Presently manufactured fuel lines for automobiles are made of relatively thick walled tubes of nylon 11 of 12. These materials provide the desired resistance to fuels such as gasoline, both leaded, unleaded and supra, diesel fuel, methanol, ethanol and sour gas. The nominal wall thickness of such tubes is approximately forty-thousandths of an inch (1 mm), since this provides the desired mechanical requirements of burst pressure (500 psig, minimum), sag resistance, kink resistance, cold impact resistance (at least 1 ft. lb. at minus 40.degree. C.) and general handling durability. For fuel transport alone, however, a wall thickness of only one- to two-thousandths of an inch is actually necessary. The remainder of the wall thickness is necessary to protect and support the inner, fuel containing thickness, as well as to provide the necessary mechanical properties to the tube.
In order to properly route the fuel line throughout the vehicle, turns and bends are generally thermally preformed into the thick tube.
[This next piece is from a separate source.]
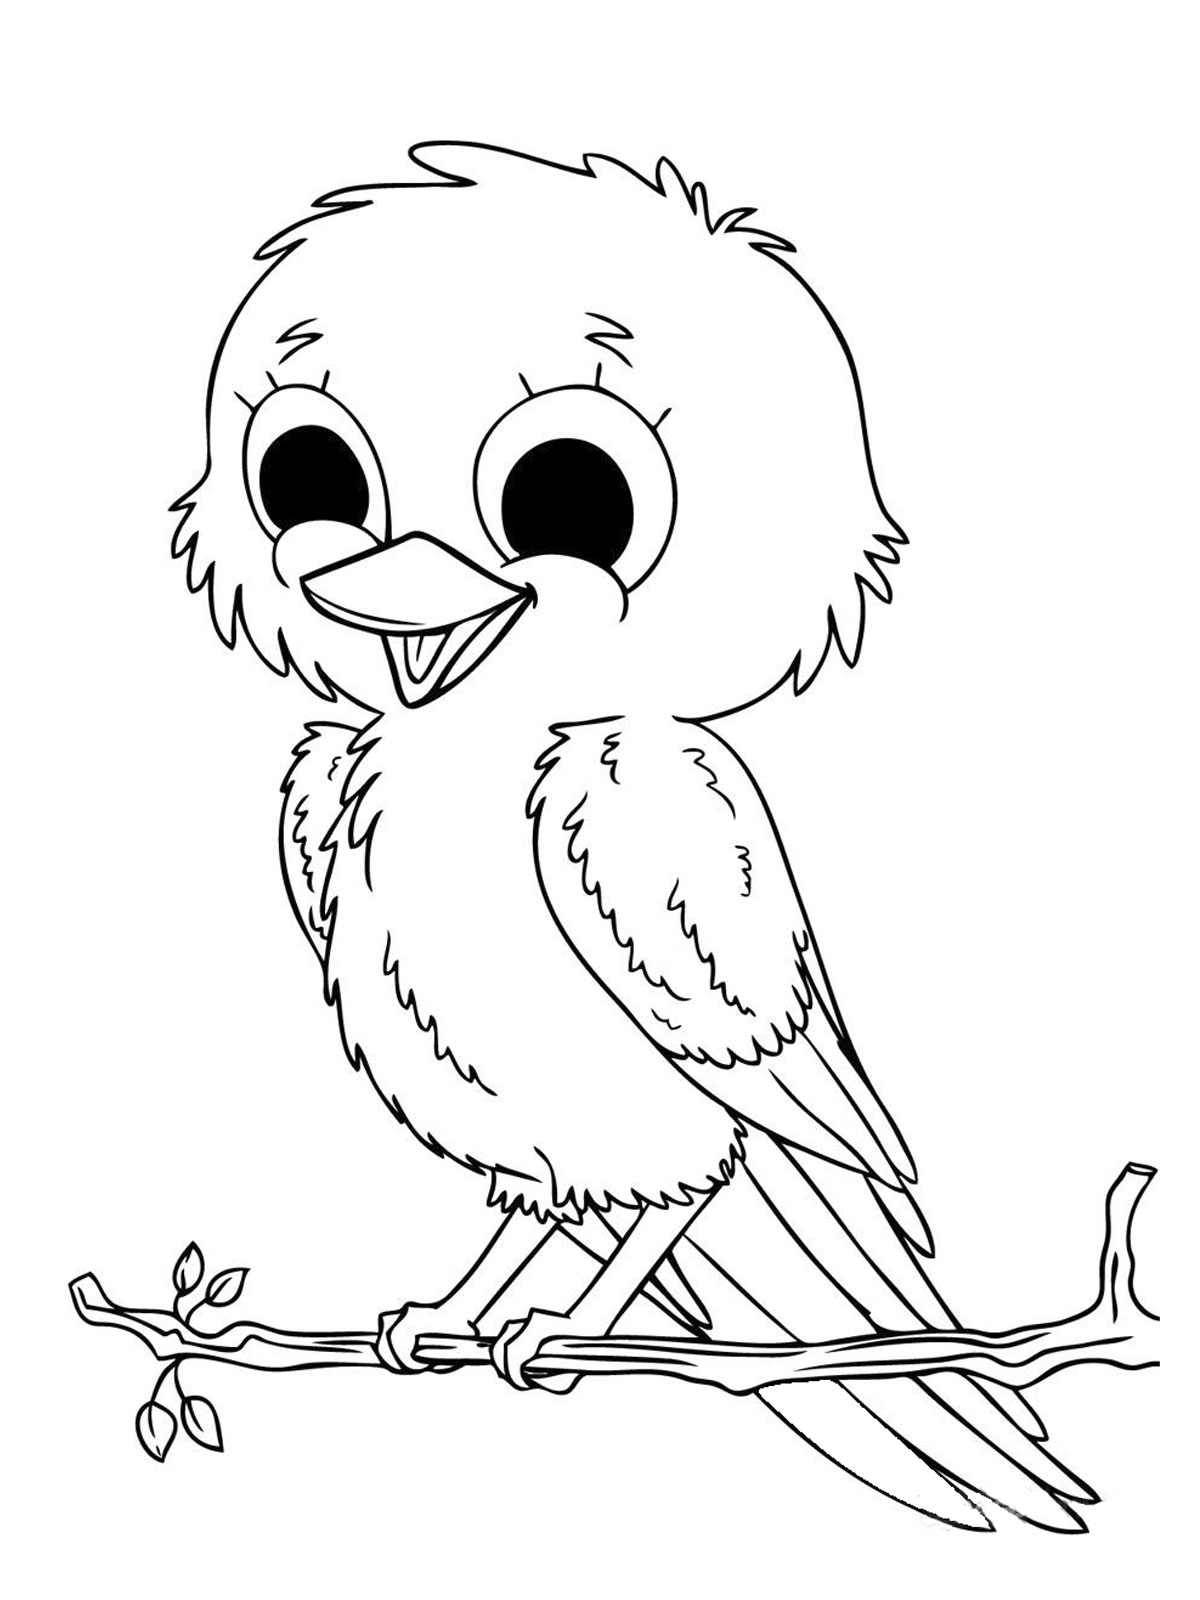 Baby Animal Coloring Pages Realistic Coloring Pages Coloring Wallpapers Download Free Images Wallpaper [coloring654.blogspot.com]

In the same manner, vapor tubes for recycling the fuel vapors in an automobile pollution control device must be resistant to the fuel as well as to combustion vapors. For this use, the tubing must be made of a fuel and combustion gas resistant material which, as with fuel lines, are generally thermally preformed.
One significant problem with the use of thermoplastic tubes (such as polyethylene, polypropylene, polyvinyl chloride or the like) is the relatively high gas vapor permeation of those materials. Therefore, in order to successfully transport fuel, tubes of those thermoplastic material must be surface treated to block or reduce such vapor transmission. Furthermore, no suitable method currently exists for surface coating the inner diameter of extruded thermoplastic tubing.
Also, for many applications, plastic tubing cannot prudently be used because of the work environment. Plastic tubing in the area of a welding operation is subject to rupture by weld splatter which may melt the tube wall. This occurrence could have disastrous effects if the tube is carrying a flammable substance, such as the fuel. Alternatively, to prevent against excessive abrasion or hot spots in localized areas, it is possible to provide this plastic tube with additional components, such as protective sleeves of rubber, metal or the like, in such localized areas. A disadvantage of this solution is that it is not always known where such problem areas will be encountered.
Therefore, thin walled metal tubing has been considered for this application, but it has not been found satisfactory due to its poor bending characteristics. A thin tube wall on an inner bend radius kinks very readily due to its inability to withstand a compressive load.
Flexible hose assemblies of plastic and metal for fuel lines are shown in the prior art. U.S. Pat. No. 2,787,289 to Press discloses a flexible line made of an extruded polytetrafluoroethylene tube which is surrounded by one or more layers of reinforcing wire braid of stainless steel and covered by a flexible tubular cover which is made of asbestos impregnated with a substantially oil proof material. This type of line, although flexible, is also resilient so that it is not capable of maintaining the shape into which it is bent. This is undesirable for many automotive applications since at least some type of semi-rigidity or shape holding property is necessary to maintain the line in the proper position.
In U.S. Pat. No. 4,327,248 to Campbell, there is disclosed a shielded electrical cable. The shield is made of a flexible metal tape with a coating of a copolymer of ethylene with a monomer having a reactive carboxyl group bonded to at least one of its sides. An adhesive is used to bond the coating to a flexible or semi-rigid non-olefinic polymeric material.
The present invention resolves the deficiencies of the prior art and provides a low cost plastic to metal bonded encasement which can be mechanically formed or bent to a predetermined configuration and which further can retain its shape after being formed or bent without kinking. Furthermore, this composite tube provides increased resistance to abrasion, hot spots and vapor permeation than those of the prior art, due to its ability to rapidly dissipate heat axially and radially along the composite tube.